4,Patricia M Wong: Social Jetlag, Chronotype, and Cardiometabolic Risk. J Clin Endocrinol Metab. 2015;100(12):4612-20.

5,Sabia S, et al: Association of sleep duration in middle and old age with incidence of dementia. Nat Commun 12: 2289, 2021.

6,Femke Rutters, et al: Is social jetlag associated with an adverse endocrine, behavioral, and cardiovascular risk profile?J Biol Rhythms.2014;29(5):377-383.

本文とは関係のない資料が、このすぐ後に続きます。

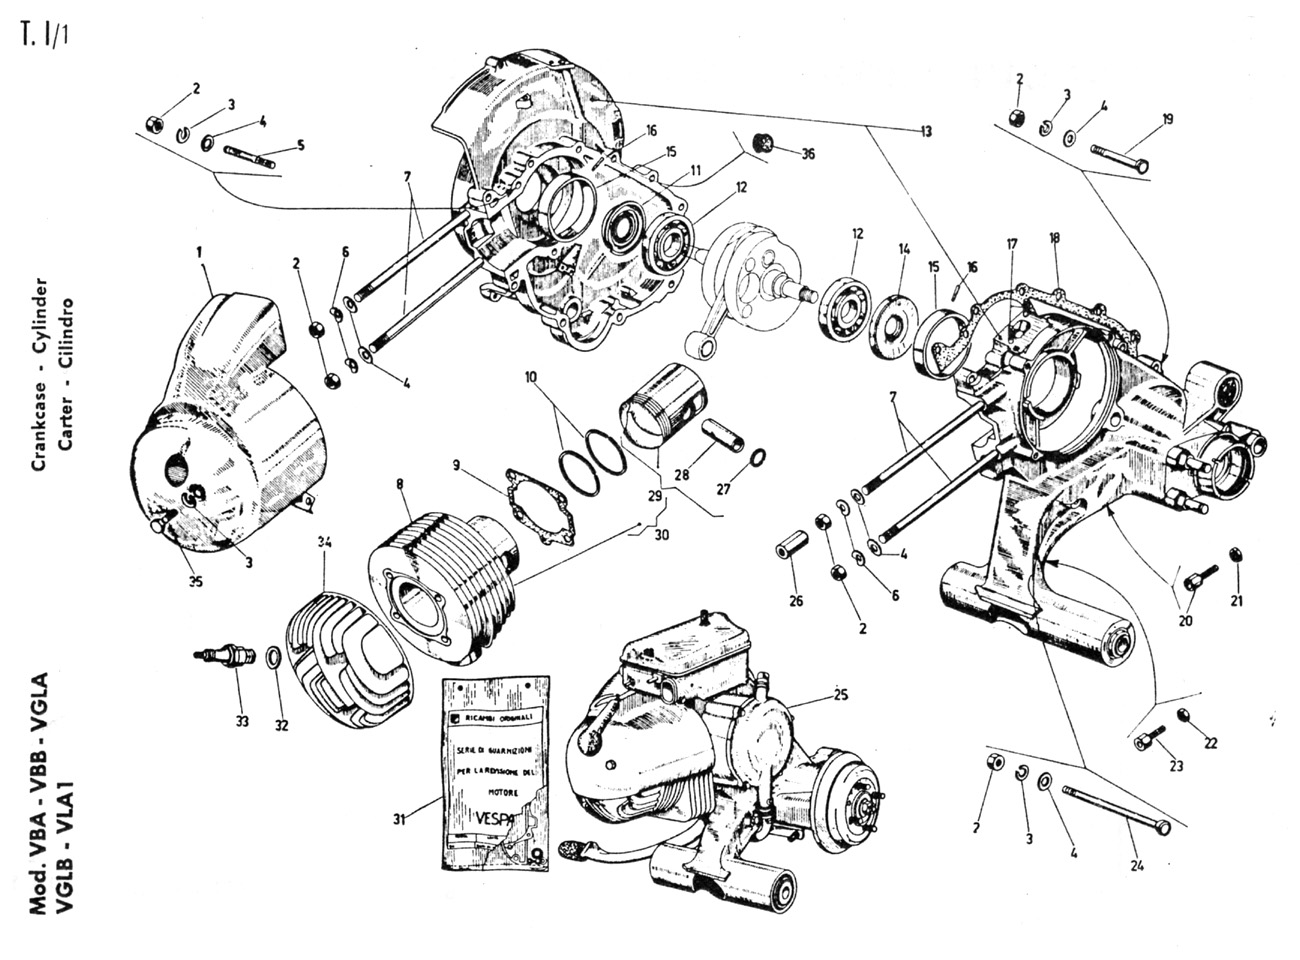 Vespa Et2 Engine Diagram Trusted Wiring Diagrams Yamaha Vino Scooter Mahindra

7,Aric A Prather, et al: Behaviorally Assessed Sleep and Susceptibility to the Common Cold. Sleep.2015;38(9):1353-1359.        

8,厚生労働省:健康づくりのための睡眠ガイド2023. [https://www.mhlw.go.jp/content/001305530.pdf](最終閲覧日:2025年3月15日)

9,Sanae Oriyama, et al: Effects of two 15-min naps on the subjective sleepiness, fatigue and heart rate variability of night shift nurses. Ind Health. 2014;52(1):25-35.

10,Michele Lastella, et al:To Nap or Not to Nap? A Systematic Review Evaluating Napping Behavior in Athletes and the Impact on Various Measures of Athletic Performance. 2021;13:841-862.